Dominicis / Kent / Lonardi

Having interviewed Barbara De Dominicis about the release of Parallel 41 out on Baskaru, I couldn't let the opportunity pass by to hear what Julia Kent and Davide Lonardi had to say about the city of Naples and their experience whilst recording and filming the album...

Hi Julia, and thanks for taking the time to answer a few questions. Over the years you have played with a number of different people in different situations. How did you approach the sessions with Barbara considering you’d only met online before you started playing together?

Julia Kent: Having heard and loved Barbara’s music, I was excited to work with her. As you know, having met her, she has a very special energy and a very personal and at the same time wide-ranging aesthetic. It has been a joy to play with her and enter her world. In general, I am always interested to work in a situation where the music is completely improvised; I have been lucky to have had the chance to participate in a few groups where that is the case. But to create improvised music in a duo is much more intimate, much more of a tête-à-tête conversation! My musical career often seems to consist of getting on a plane and launching myself into an unknown situation. In the case of working with Barbara, it turned into a beautiful adventure.

Parallel 41 developed over the course of a few years. How do you feel your collaboration evolved throughout the different sessions? What did you discover about Barbara in musical terms and how would you say your playing changed, if at all, from the start of the project to its completion?

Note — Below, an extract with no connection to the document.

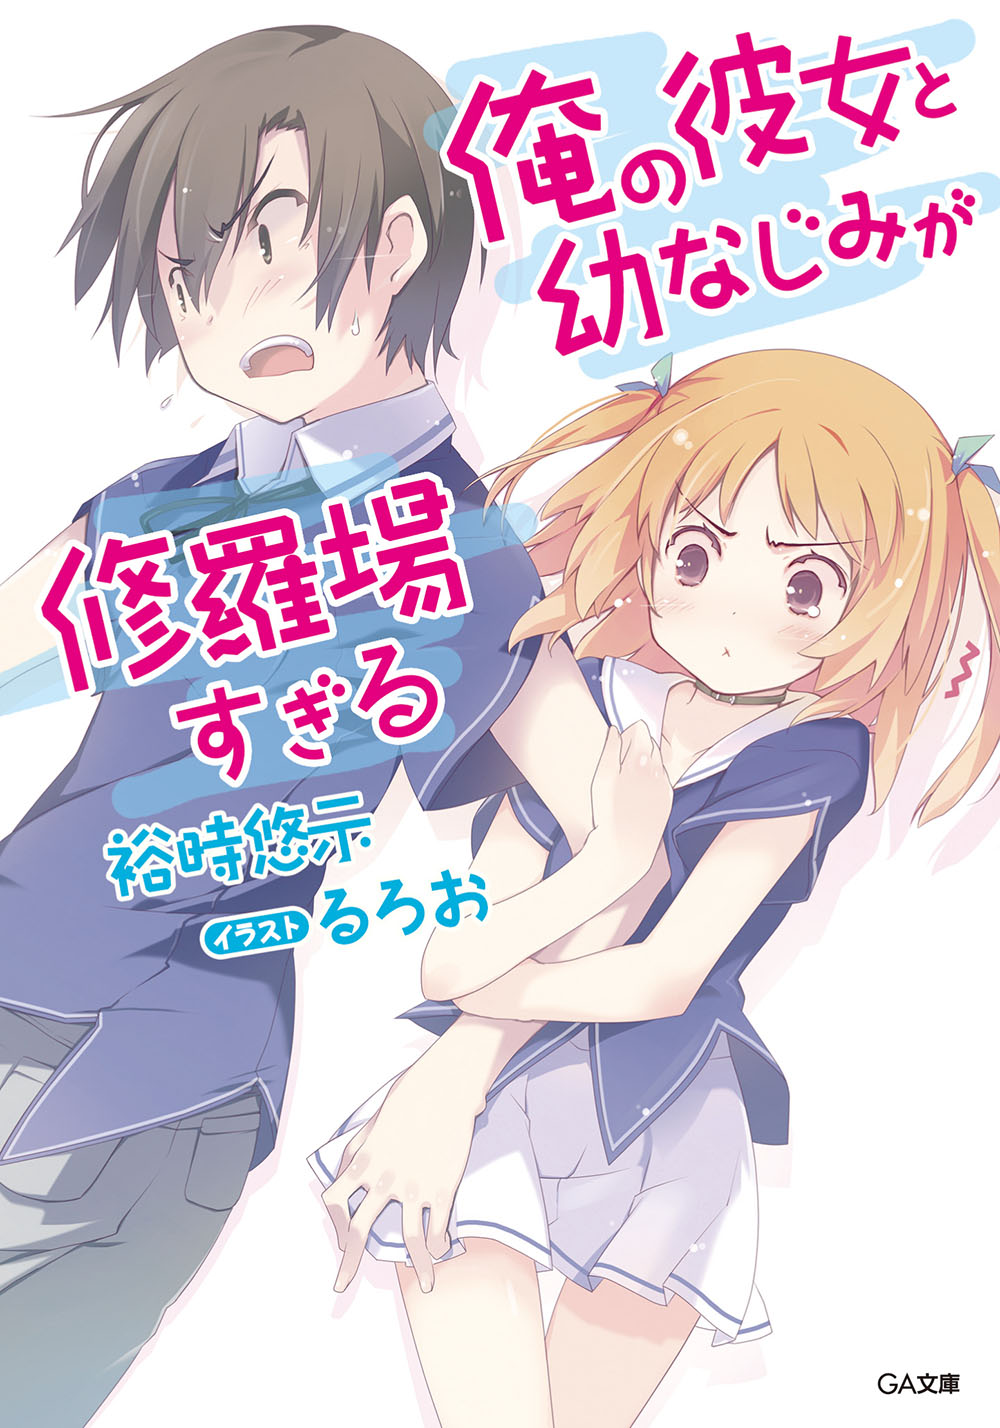 Light Novel Volume 17, Ore no Kanojo to Osananajimi ga Shuraba Sugiru Wiki

I think, over the course of the time we have worked together, we have become more familiar with each other’s musical styles and choices and it has become easier to predict where the other person will go. For me, that’s both good and bad, because of course you lose the element of discovery and surprise that comes with playing together for the first time, but you also gain an ease in communicating and responding to each other. Barbara always astounds me with the power and beauty of her voice and with the atmospheres she creates with electronics and field recordings. She is a really amazing musician.

Barbara told me you already knew Naples quite well beyond the picture postcard image of the city. What are your impressions of the place? What are the things that characterize Naples best for you? Is there a particular place / sound / location / person that has shaped your image of the city? Considering you have toured Italy quite extensively, how do you think Naples fits in with the sonic and human landscape of the country?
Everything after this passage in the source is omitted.